Implementing MPI-based parallel data sampling methods based on the following paper: https://ieeexplore.ieee.org/document/9130956
The code implemented here runs on MPI with nodes accessible via passwordless ssh. The input is assumed to be VTK image file with 3 dimensions, and the sampled point cloud is stored in the VTP format.
The steps to run the project parallelly are as follows:
Step 1: Download the files in the src file from the GitHub repository in your working directory. Also, have the data files in the working directory.
Step 2: Upload the files into the remote workspace using sftp (Simple File Transfer Protocol)

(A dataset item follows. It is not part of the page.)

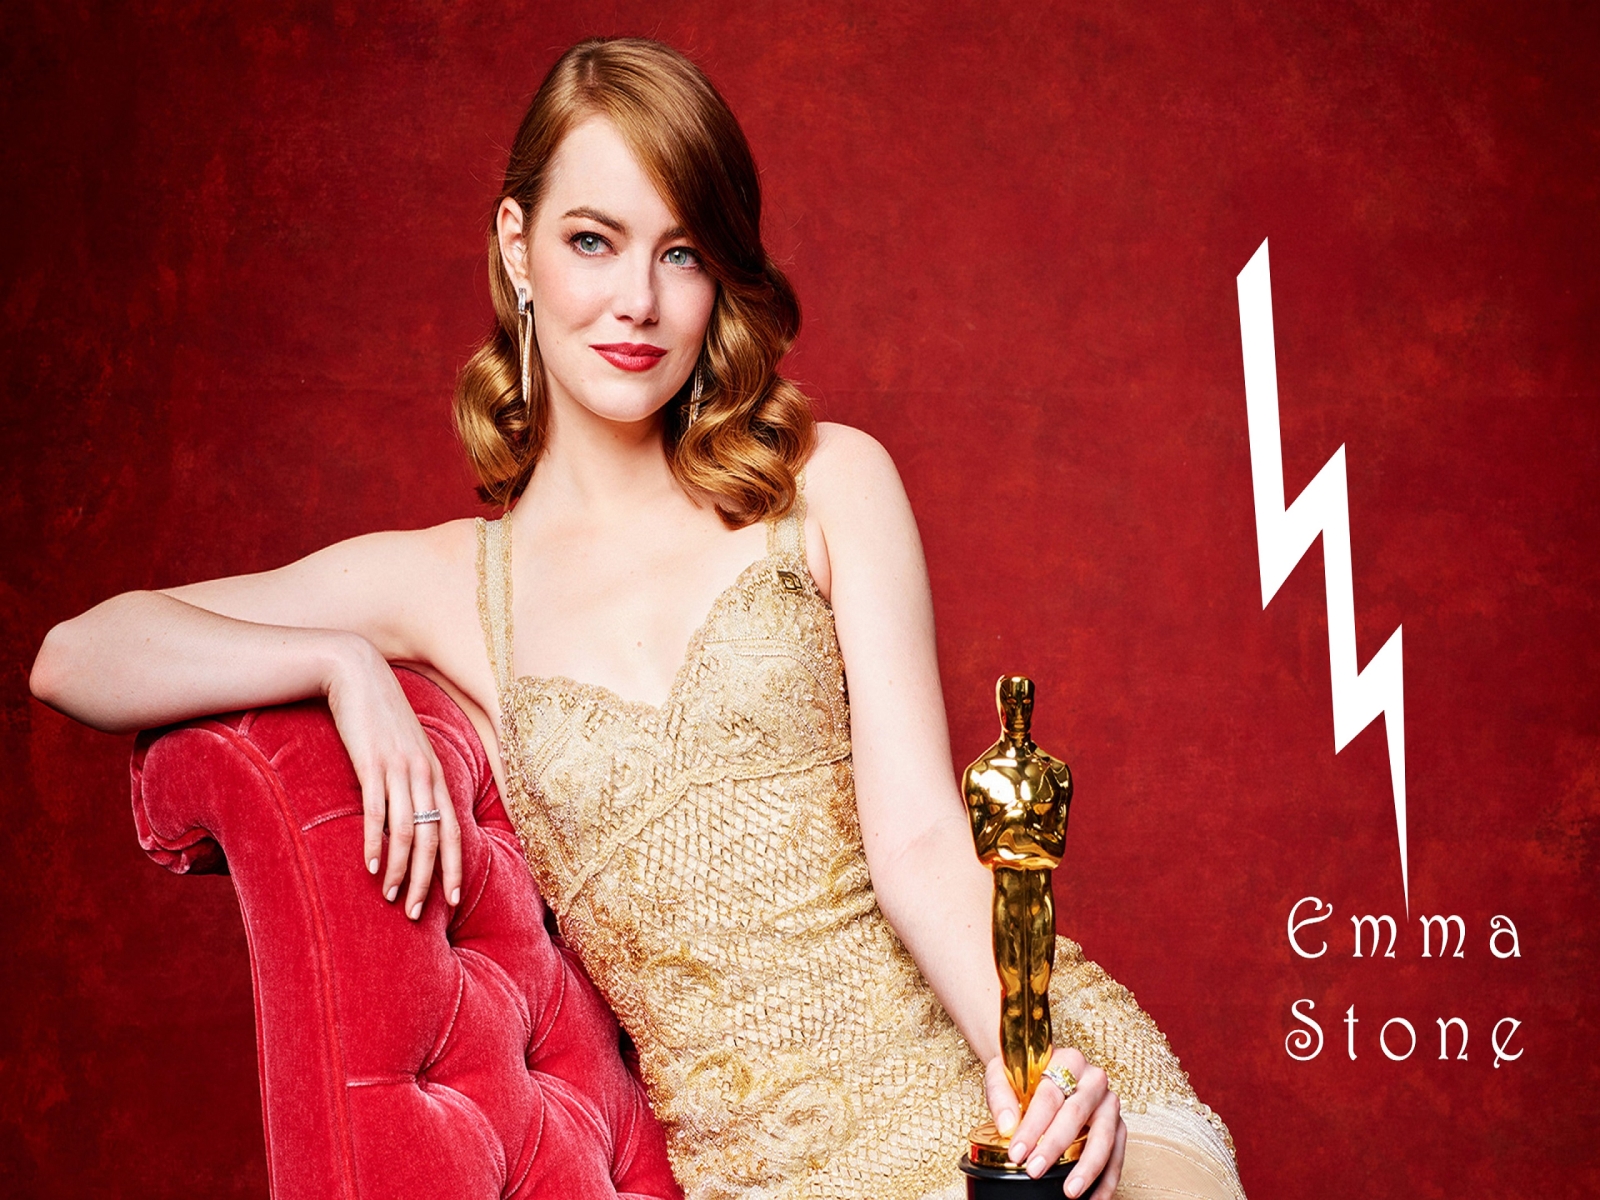 Emma Stone Oscar Winner for 1600 x 1200 resolution

Step 3: Open the terminal/Powershell in your system and run ssh 172.27.19._ where _ is any number from 1 to 60 to access the KD lab system (generally ssh <to-the-computing-node>)
Step 4: Create a hostfile.txt. It contains the IP addresses of the computing nodes and the number of processes to be run on each node.
Step 5: Run the following statement to run gradient-based sampling on 8 processors, with 16 bins and 0.01 sampling rate. The output file will be saved to Isabel_gbs_0.01.vtp.
mpirun -np 8 --hostfile hostfile.txt python3 gbs.py -b 16 -r 0.01 -o Isabel_gbs_0.01 Isabel_Pressure_Large.vti
Step 6: Use sftp to get the sampled files to your workspace.
The sampling algorithms are implemented in the following files:
srs.py: Simple random samplingvbs.py: Value-based importance samplinggbs.py: Smoothness-based importance sampling
mpirun is the command which uses MPI to run the code in parallel. We use the following options:
Options:
-np shows the processes we are going to run
--hostfile FILE file containing IP addresses of the computing nodes
Options in the python files (all are common except the bin number)
Options:
-h, --help show this help message and exit
-r FLOAT, --sampling-ratio=FLOAT
sampling ratio between 0 and 1 [default: 0.001]
-b INT, --bin-num=INT
number of bins [default: 16]
-o FILE_NAME, --out-file=FILE_NAME
name of output vtp file [default: out_gbs.vtp]
-v, --verbose detailed log
-t, --track-time Append to vbs_time.csv in format: proc_num,bin_num,prob,reading_time,scatter_time,comp_time,gather_time,saving_time,total_time
We created some utility shell scripts to ease the process of studying the algorithms, they are in the misc folder.
pingServers.sh: Pings all servers in an ip address range and outputs the pingable nodes to stdout with an hardcoded number of processes at each noderun.sh: Some commands to run the main commands.scaling_study.sh: For loops for multiple runs and storing the time data in csv files.
NOTE: These files were used by us and have not been generalised for use.